Every time Barnes throws down a nasty dunk -- he has three of the season's best -- he'll get texts from Tar Heel teammates. And if you end up on the opposite end of it, like Henson did courtesy of LeBron James recently, you can expect even more of a reaction.
"We have a big group chat of all Carolina guys and we made sure that we let him know about it," Marshall said.
Zeller, the fourth Tar Heel selected in the 2012 draft, lived alone rather than with his teammates in Chapel Hill. The Cleveland Cavaliers center Marshall described as "very mature" might not be texting his former teammates daily, but Carolina blue still binds them. He attended that Virginia game over All-Star weekend, too. At halftime UNC honored his jersey and raised it to the rafters.

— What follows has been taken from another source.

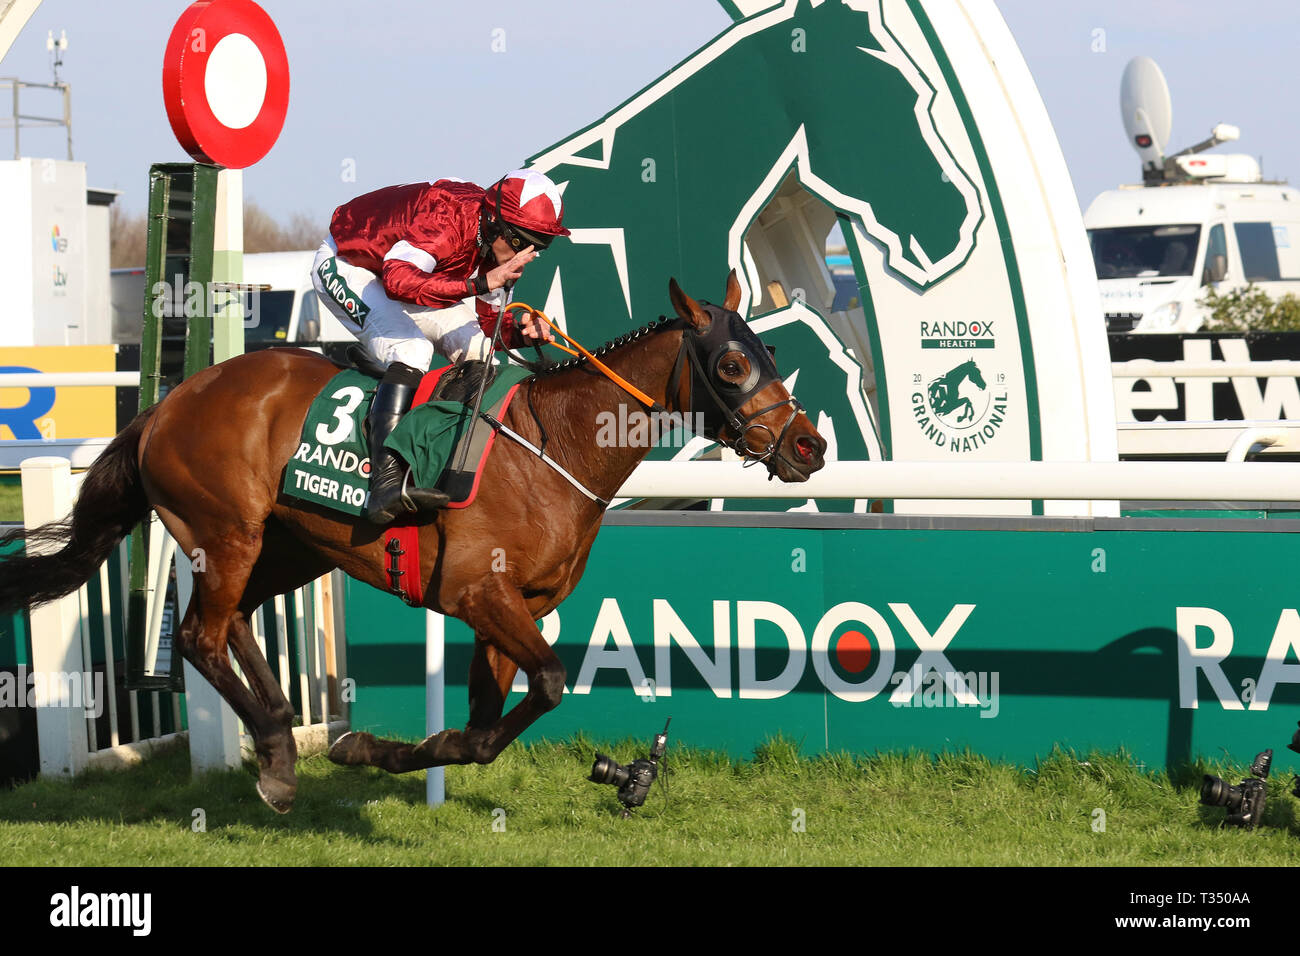 AINTREE, Liverpool, UK. 6th Apr, 2019. Tiger Roll winner of the 2019 Randox Grand National ridden by D N Russell. He becomes the first horse to since Red Rum 45 years ago to win the event race back-to-back. 40 runners, 30 fences and more than four-and-a-quarter miles, the National is the ultimate test for horses and riders. Stock Photo
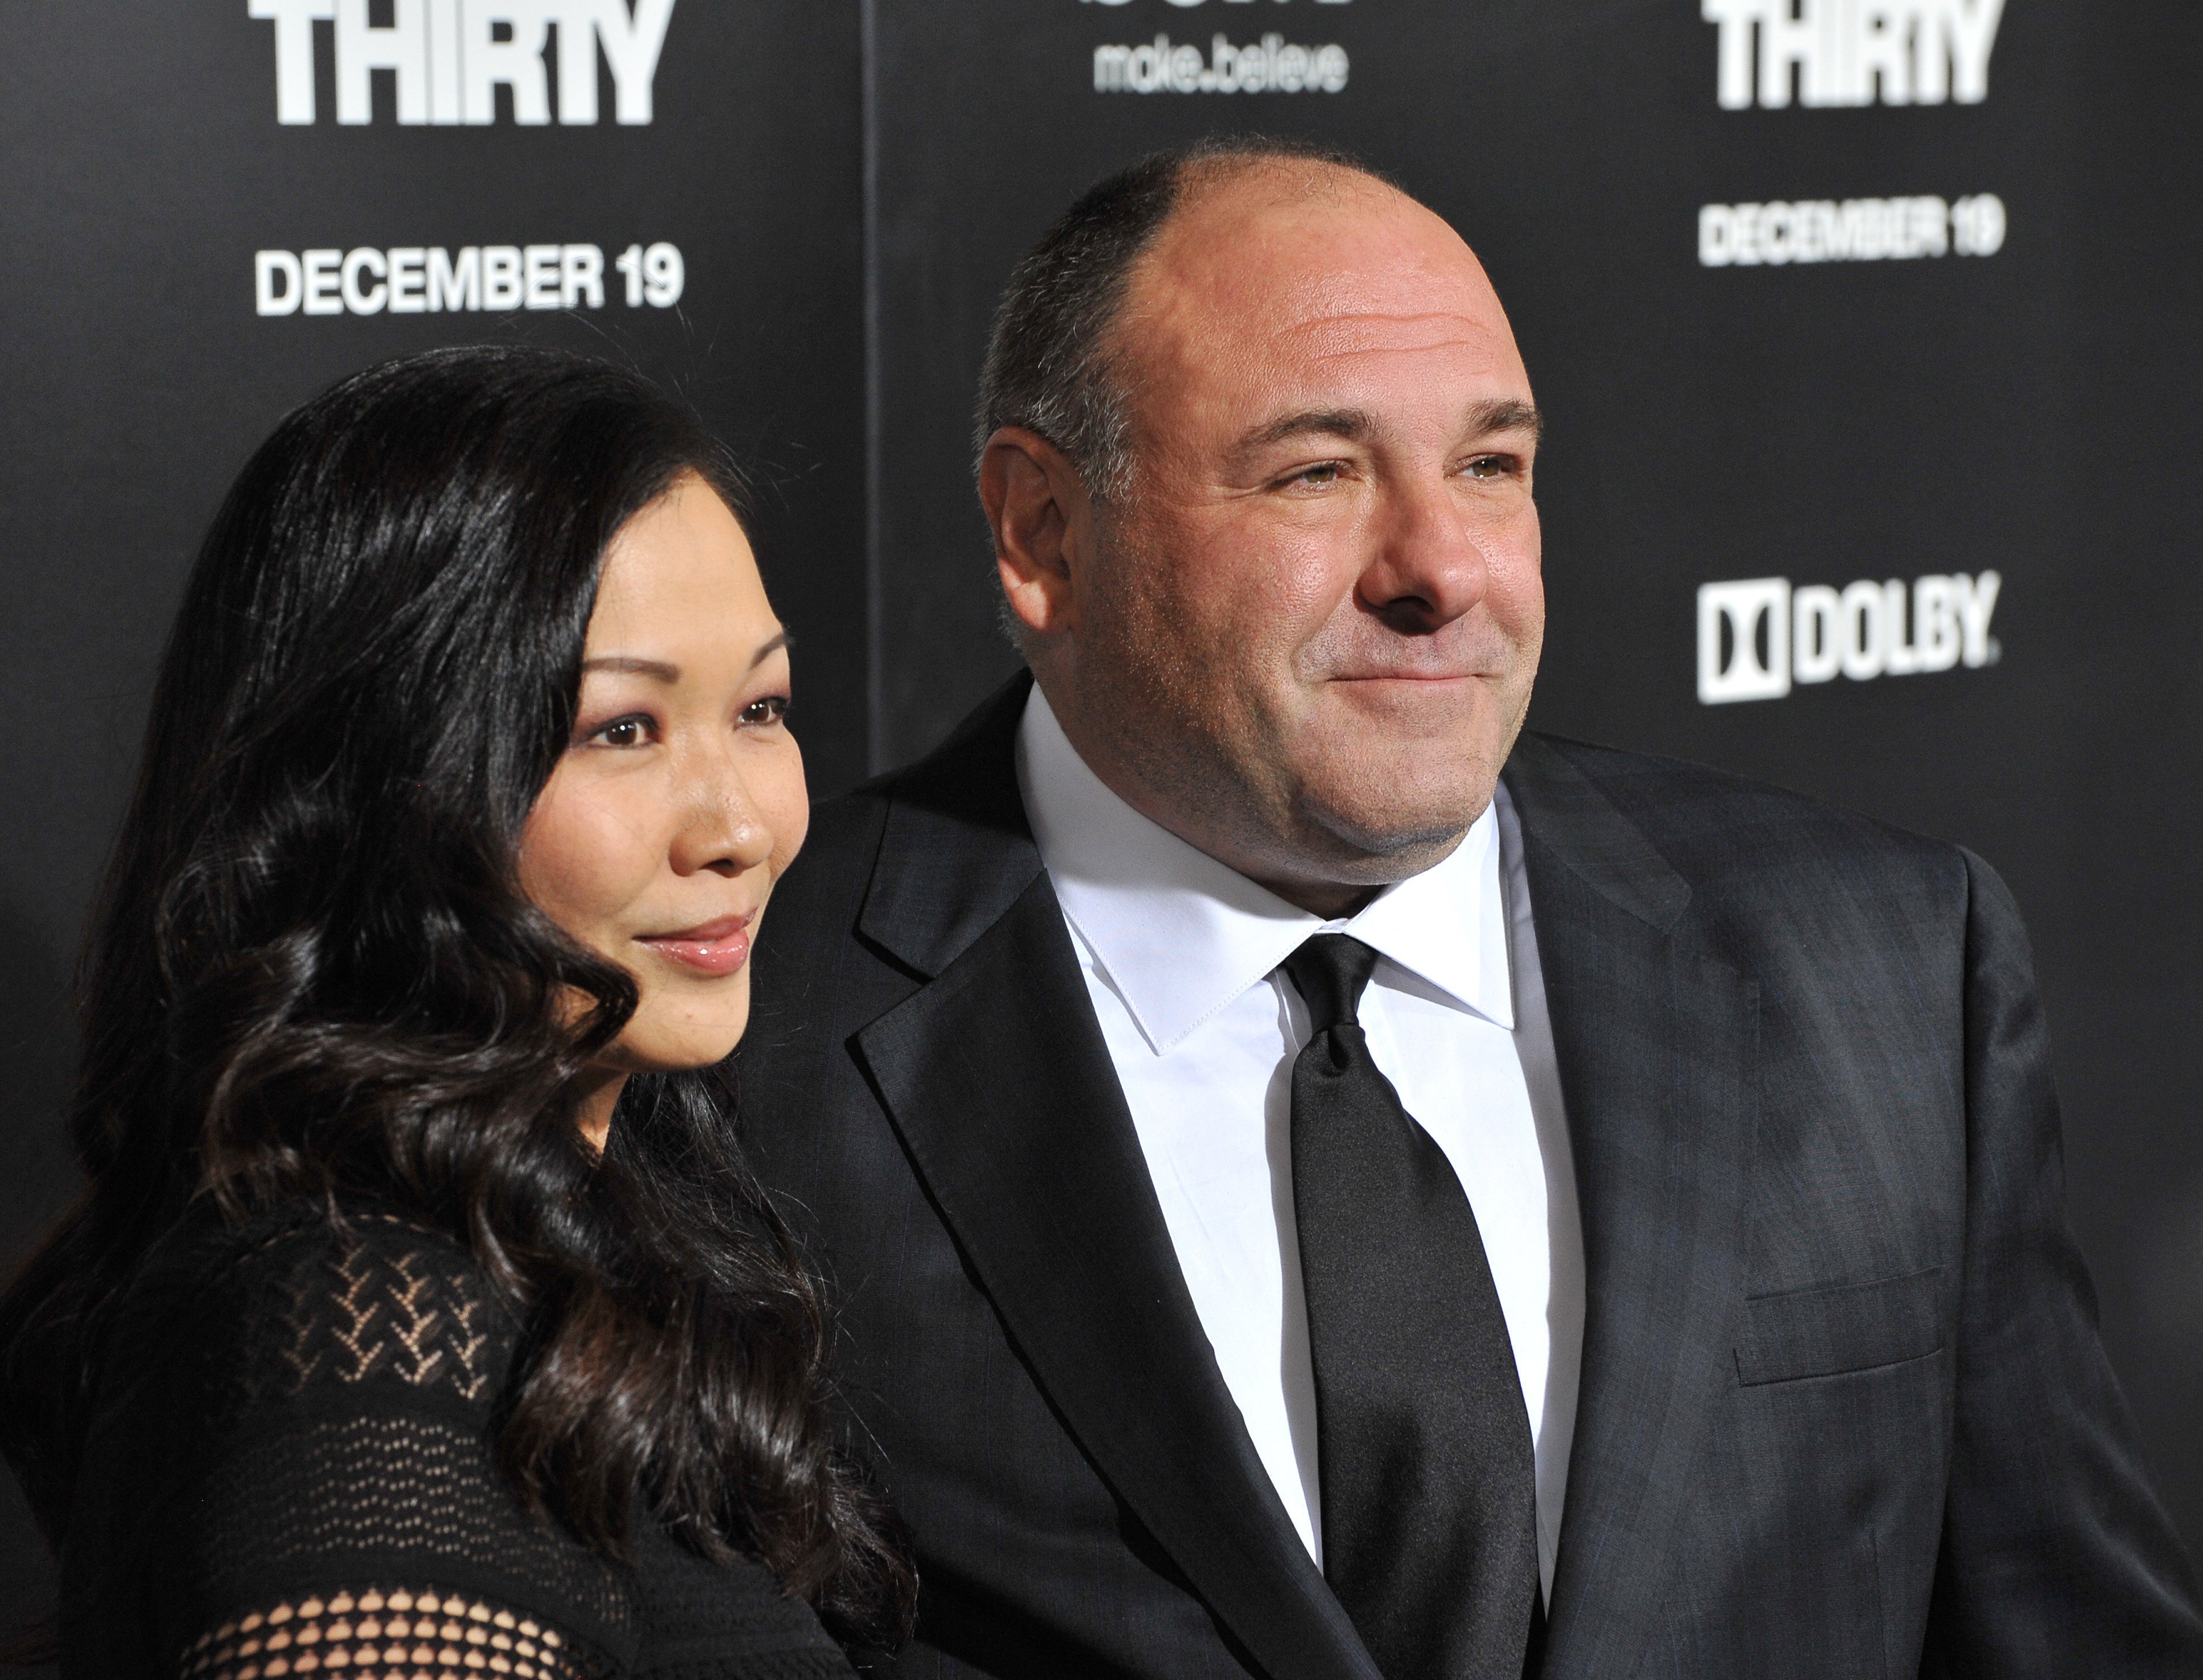 James Gandolfini and his wife, Deborah Lin, at the premiere of his movie "Zero Dark Thirty" at the Dolby Theatre, Hollywood. December 10, 2012. | Source: Paul Smith/Shutterstock

"It's just fun to be able to watch ‘em and try to go through the same things with them and see what they're doing," Zeller said.
When big man Anderson Varejao hurt his knee in December, Zeller slid into the first five. That's where he has stayed with Varejao out for the season. Going from battling college bigs to NBA reserves to NBA starters, his learning curve steepened earlier than expected.
"The thing with college big guys is they're either really big or they're really tall and skinny or they don't know how to use their weight," Zeller said. "You're going against people now that can move really well, they're really strong and they know how to play, so it's a tough challenge."
"He's got a great opportunity in Cleveland," Marshall said. They have a bunch of young guys and you hate to see anybody get hurt, but I think it worked out to the point where now he has a chance to be out there playing through mistakes. I think he's taken full advantage of it."
Marshall's taken advantage of his opportunity, too. It was hard collecting DNP-CDs earlier in the year and it's still hard losing, but now he's playing and contributing, showing his next-level court vision and passing instincts. Last week he called it "a dream come true" to play against Steve Nash, the man he thought he'd be backing up when the Suns selected him. In that game, he finished with 11 points, five assists and five rebounds in a 23-point victory over the Lakers, the high point of his first NBA season.
After a brief verbal back-and-forth with Dwight Howard when he felt Howard was holding his teammate, he took a moment to process the situation.
"I just sat there for a second like, ‘I'm really going back and forth with Dwight Howard right now,'" Marshall remembered.
As NBA moments pile up for these rookies, they know Tar Heels are there for each other year-round, through ups and downs. If you play for North Carolina, North Carolina is a part of you.
"A lot of my teammates tell me in the pros that the older you get, the less you'll watch, being that these aren't guys that you went to school with anymore," Marshall said. "But I feel like we have a different type of bond. That Carolina basketball family is like no other."